Still, there is a peace in this garden, started by the late Rita Fecher, tended by Jodi Penzer, and, since 2013, maintained by Marky, an irrigation specialist with his own company, INTOWNIRRIGATION LLC. Marky has never strayed from his rock and roll heart, or stopped supporting the New York scene.
A few years ago, Marky hired musician Joff Wilson (Bowery Boys, SoulCake) as his assistant; it seems destined for the paths of these men to cross. All three had strong, independent mothers, love the rock and roll life and the garden, and believe strongly in community.
Joff (who was interviewed separately for this article) is originally from Rochester, where his mother owned a flower shop, and, supported by Zev, has included this Chelsea Hotel rooftop in his live streams.
“I thought it would be a nice way to start a rooftop series,” he recalled. “I asked Zev and he said ‘anytime.’ I hardly knew him, that’s how cool he is. A great creative soul. So that was the birth of Coffey with Joffy, and an occasional guest.”
He and his band, SoulCake, have been resourceful, playing in parks, Upstate, and in restaurants catering to outdoor diners. He finds working in the garden “calming.” Marky shared with us his insights about the importance of plants in our lives: “When you breathe out carbon dioxide, they breathe out air and oxygen; that’s like a blues thing, a call and response, a cycle of life, a Zen moment, you’re talking to them like a sentient being… The ground is connected to the entire world.” (Click here for SoulCake on Facebook, and click here for the band’s Instagram.)

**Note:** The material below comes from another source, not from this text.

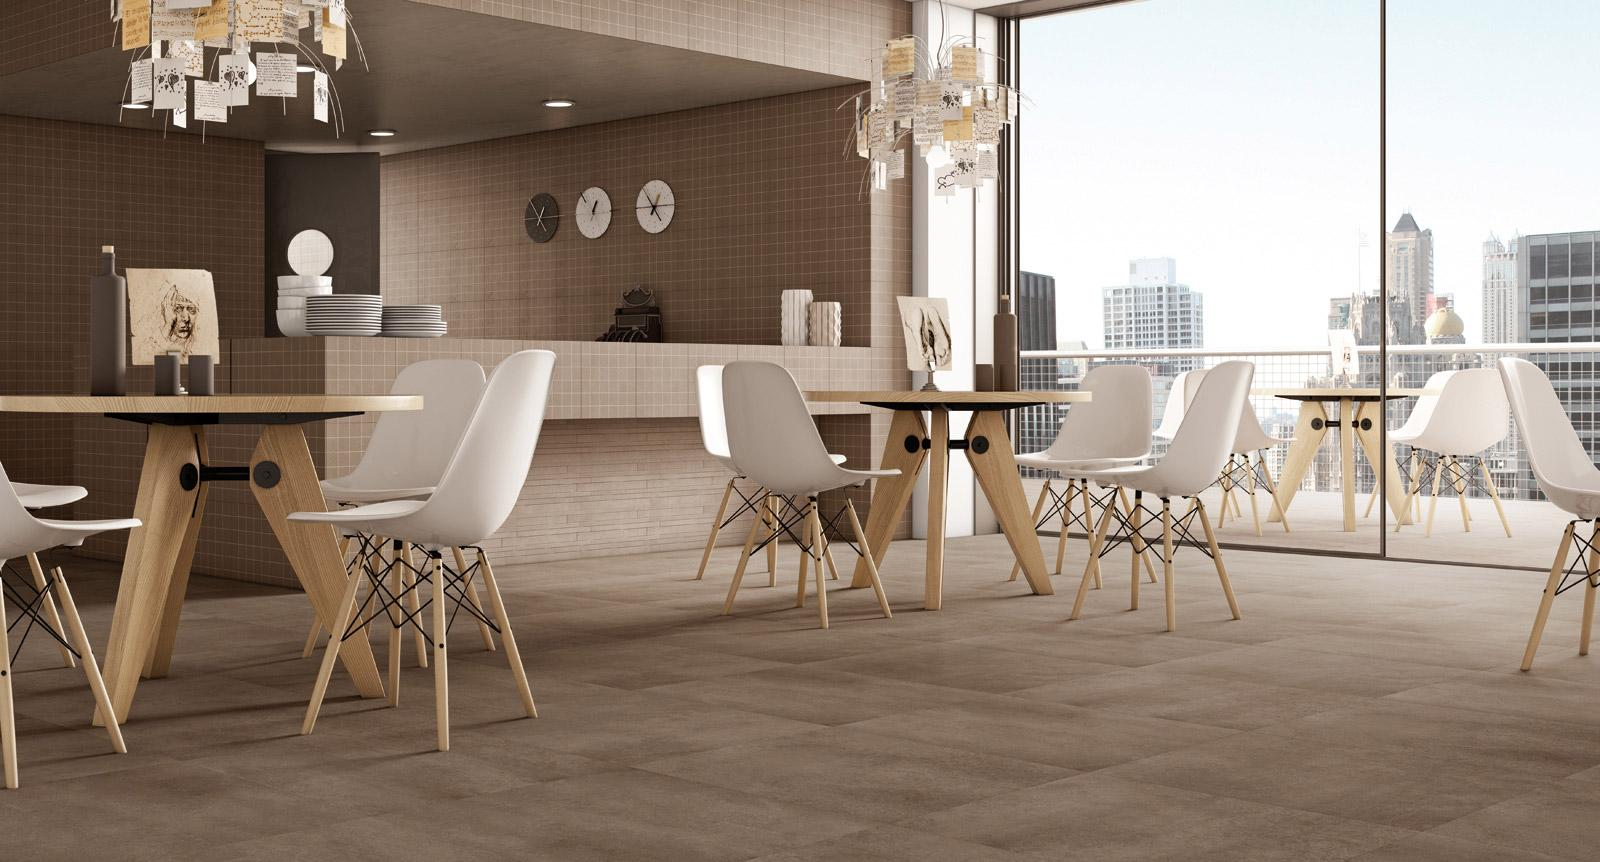 Denver indoor porcelain stoneware marazzi denver concrete effect businesses dailygadgetfo Images
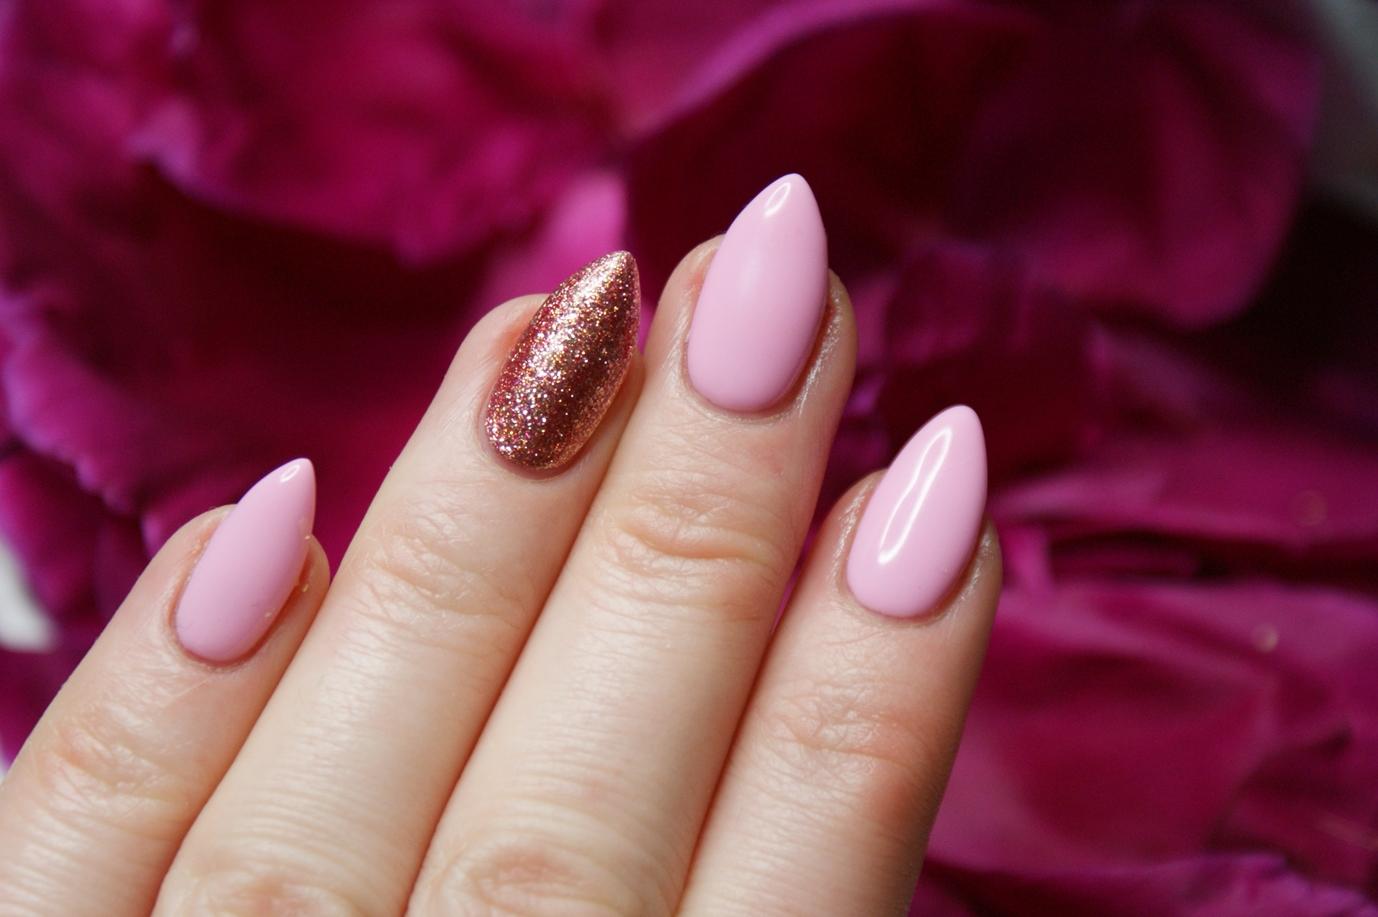 Biankowo Manicure Hybrydowy Semilac 6 003 094

Despite the trying times, Zev remains grateful for his experiences, past and present, saying, “I was over 50, never thought I’d have kids. I want you to understand the miracles she (Jodi) brought into my life.”
Two of those miracles are their son and daughter, born after Jodi’s 2004 diagnosis and successful treatment for breast cancer. They had been told chances were slim, that they’d successfully conceive after freezing her eggs, and defied the odds, not once, but twice.
“I never thought,” said Zev, with gratitude, “I’d have the life that I have today.”